Sorry, I don't entirely understand the question.
Is the question to use only a single check in that loop?
Paste the updated code which I have locally for the convenience.
[snip]
/*
* Mark holes between extended regions as unavailable. The rest of that
* address space will be available for the allocation.
*/
for (i = 1; i < nr_reg; i++) {
resource_size_t start, end;
start = regs[i - 1].end + 1;
end = regs[i].start - 1;
if (start > (end + 1)) {
rc = -EINVAL;
goto err;
}
/* There is no hole between regions */
if (start == (end + 1))
continue;
tmp_res = kzalloc(sizeof(*tmp_res), GFP_KERNEL);
if (!tmp_res) {
rc = -ENOMEM;
goto err;
}
tmp_res->name = "Unavailable space";
tmp_res->start = start;
tmp_res->end = end;
rc = insert_resource(&xen_resource, tmp_res);
if (rc) {
pr_err("Cannot insert resource %pR (%d)\n", tmp_res, rc);
kfree(tmp_res);
goto err;
}
}
[snip]
1. The first check is to detect an overlap (which is a wrong
configuration, correct?) and bail out if true (for example, regX:
0x81000000...0x82FFFFFF and regY: 0x82000000...0x83FFFFFF).

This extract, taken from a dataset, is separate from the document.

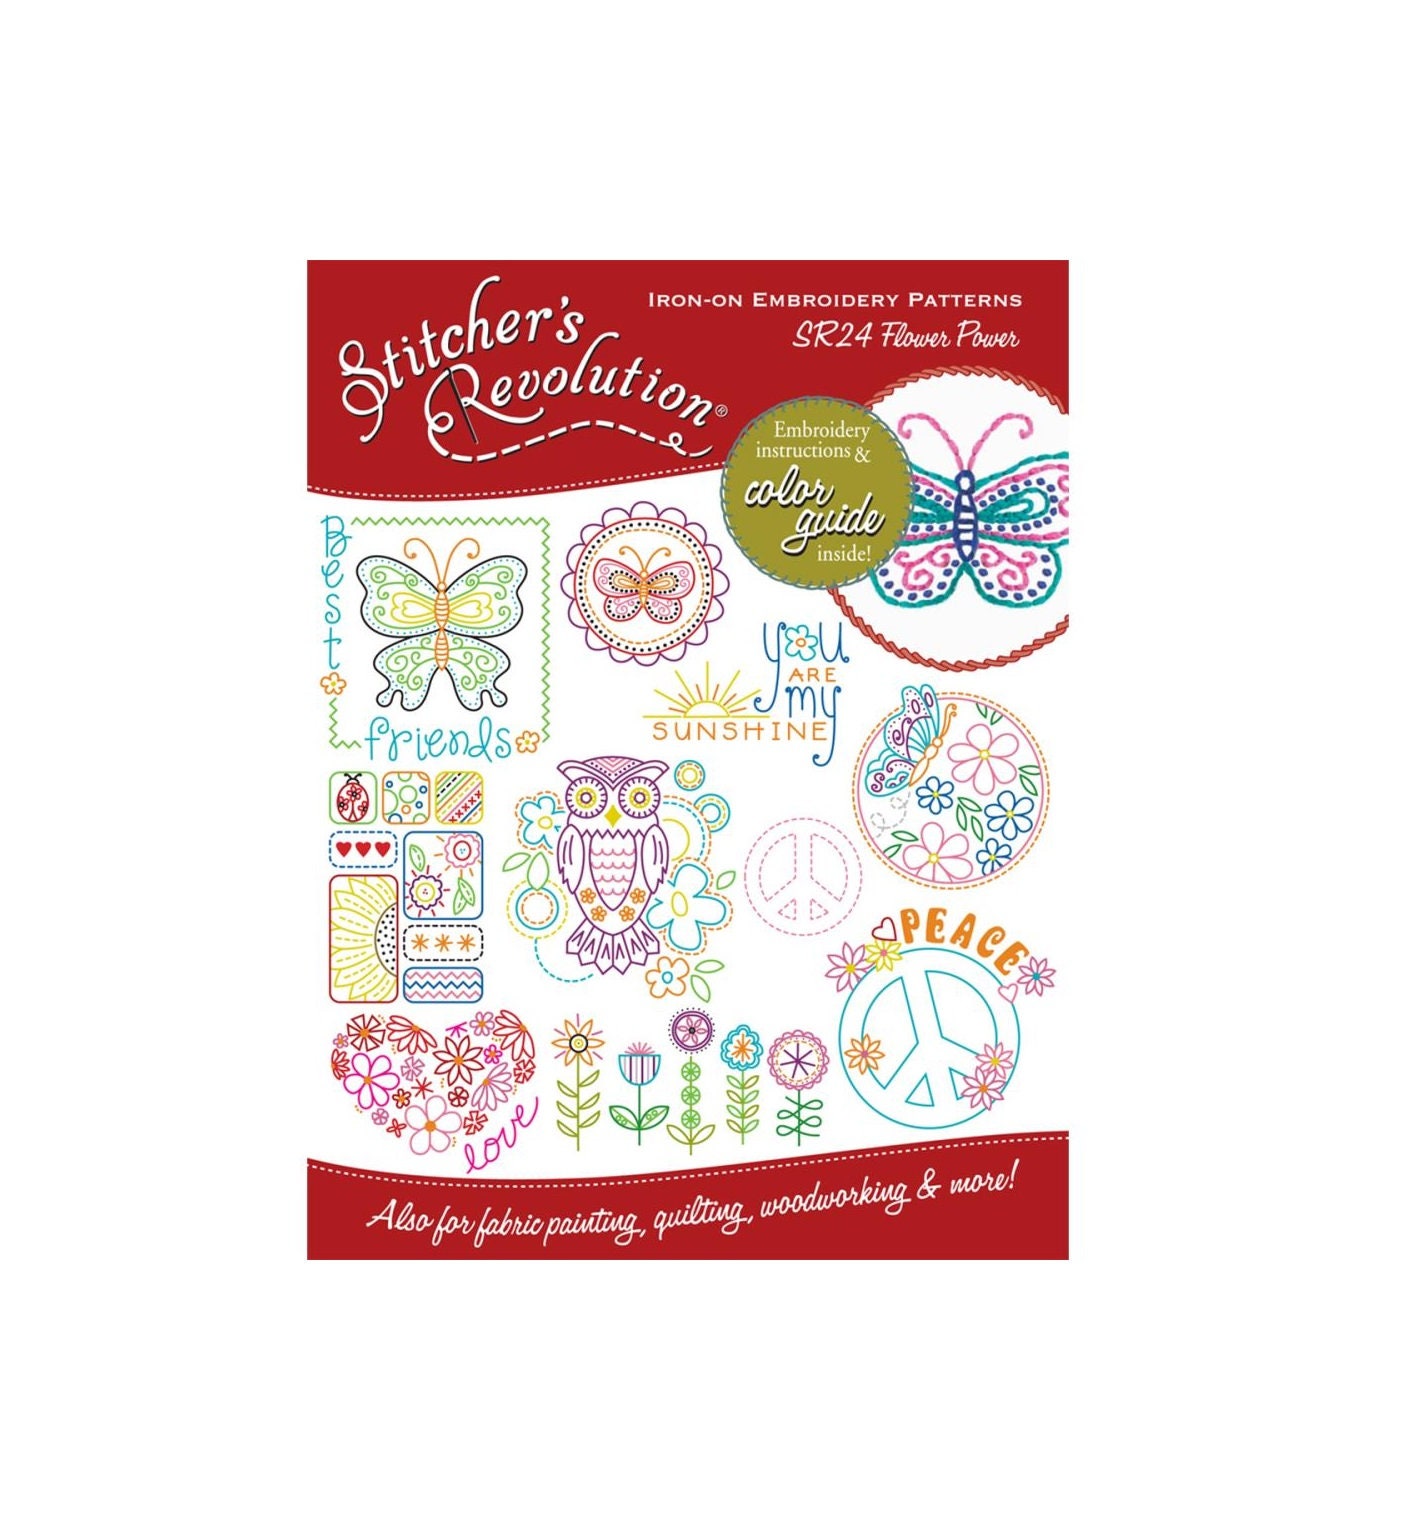 Clearance FLOWER POWER SR24, Modern Linens SR19 or Combo of 2 Stitchers  Revolution Iron on Embroidery Pattern, Discounted Combos, Ships Fast

2. The second check is just to skip current iteration as there is no
space/hole between regions (for example, regX: 0x81000000...0x82FFFFFF
and regY: 0x83000000...0x83FFFFFF).
Therefore I think they should be distinguished.
Yes, both check could be transformed to a single one, but this way the
overlaps will be ignored:
if (start >= (end + 1))
continue;
Or I really missed something?
>
>
>>> I think I am missing again something in termination accounting :-)
>> If I understand correctly, we need to follow "end = start + size - 1" rule, so
>> the "end" is the last address inside a range, but not the "first" address
>> outside of a range))
> yeah
>
>
>>>> + continue;
>>>> +
>>>> + /* Check whether the hole range is within the resource range
>>>> */
>>>> + if (start < res->start || end > res->end) {
>>> By definition I don't think this check is necessary as either condition
>>> is impossible?
>>
>> This is a good question, let me please explain.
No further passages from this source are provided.